Long live the CD, sort of

CD life varies considerably. A disc that has been mechanically pressed — like the ones you get when you rent a movie — have an anticipated life of 50 to 100 years. CDs burned with your computer are different, however.

Making your own CDs works by changing the color of a dye layer on the disk. Heat from a laser changes the reflective index of the dye, and that spot can then be read as a piece of digital information. That information is subject to damage by heat and light.

CDs labeled CD-R (read only) tend to last longer than those labeled CD-RW (rewritable). Manufacturers claim CD-R disks can last up to 75 years if properly stored in a dark, cool place; CD-RW disks are said to last up to 25 years. On the other hand, Kurt Gerecke, a physicist and storage expert at IBM, claims that CD storage often lasts only two to five years. But disk quality varies considerably, even from the same manufacturer.

Heat and light can damage CDs, so people who rely on such stored information should be aware of the risks, like a fire nearby or leaving them in strong sunlight. Glued labels can also affect disk life, since the dye layer is usually on the same surface as the label. There’s a lot more information at www.cdrfaq.org.

At this point, we might mention that paper pages can last for centuries.

Power to the cleaner

We ran Winferno’s new Registry Power Cleaner a couple of days ago and were enlightened thereby. We know some tech types will say don’t bother cleaning the registry because it doesn’t bother anything to have old stuff hanging around. But Power Cleaner seemed to know all about that. It told us the registry in an 18-month-old HP Pavilion was fine.

But while tootling along, it found 722 file association errors, 617 component errors, 653 type library errors, and several dozen errors involving dead shortcuts, shared DLLs, system tools and meaningless items in our start menu. Phew! Clean them out, we said, and it did.

The program claims to fix errors, speed up your PC and stabilize it, ending frequent crashes and making programs run smoother. We had no problems with it, and the PC we ran it on did seem to run a little faster afterward.

Happily, the program comes with an “undo” feature in case telling it to go ahead was a bad thing to do.
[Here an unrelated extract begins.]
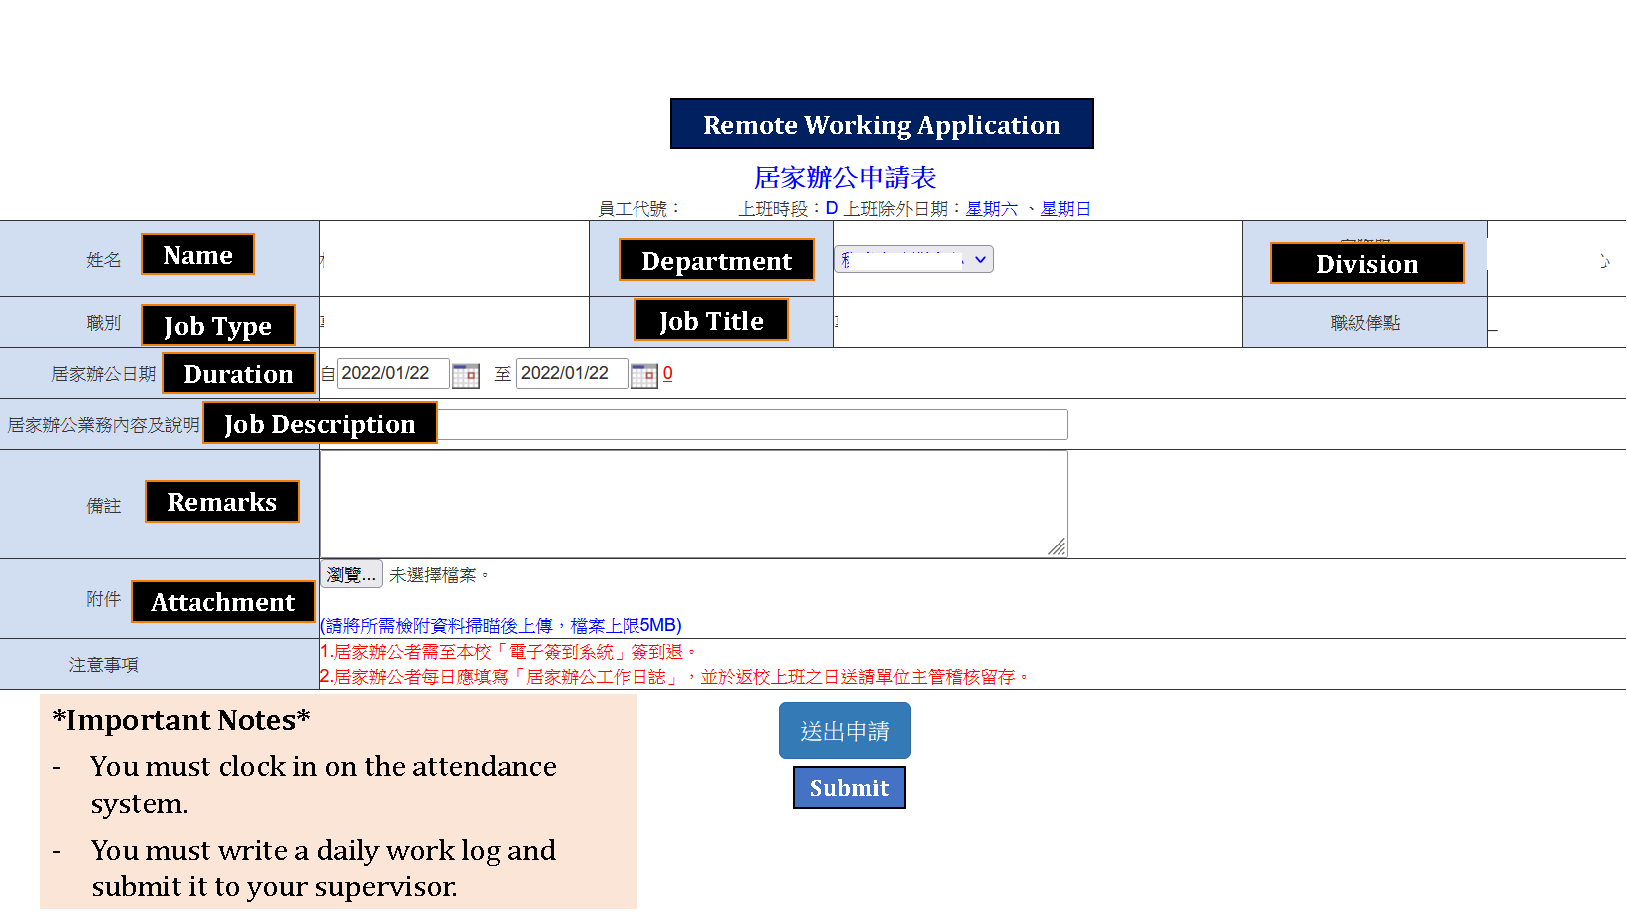 NKUST-How to Apply for Work from Home-2

Finally, you can use it to stop some programs from running at start-up; running lots of programs in the background slows the system. If your system’s fine, though, leave it alone.

Registry Power Cleaner is free to try, from www.winferno.com. It also offers a free scan of your system.

Hit that Web site

FastStats Log Analyzer from Mach5 is our favourite program for counting Web site hits. We’ve tried several “hit counters,” as they’re called, and had wildly different results, but this one seems the most accurate. It counts the raw log files stored either on your computer or your Web site’s host computer. You can’t fool the log files.

There is a free version of the program, which is the one we used, and it can teach you a lot about your visitors. You can see what search engine they used to get to your site, what parts of the site they go to most frequently, what days and times are most popular, and what files they download.

A quicker Quickbooks

The top-selling program for small-business accounting just got easier to use with QuickBooks Simple Start. Everybody has heard of QuickBooks, and millions have bought one of the versions, yet many people have difficulty using it.

They might find the new Simple Start 2006 much easier to use. You can customize popular forms like invoices and receipts to suit your particular business, and share data with more than 400 other business applications.

The online version allows two users plus an accountant to access the program from anywhere. They can write and print checks, fill out forms, track payments, make estimates and customize forms. You can find more information at www.simplestart.com.


Learn to Program by Chris Pine from www.pragmaticprogrammer.com and www.oreilly.com.

The title is a little scary, but the book reads like a novel. It teaches the reader to program using a free language called Ruby. (Ruby can be downloaded from www.rubycentral.com.) You start with simple one-line programs that can calculate your age in seconds or find a date and day for any year, and you can then advance to more complex problems. Ruby can be used with Windows, Macintosh or Linux and seems easy.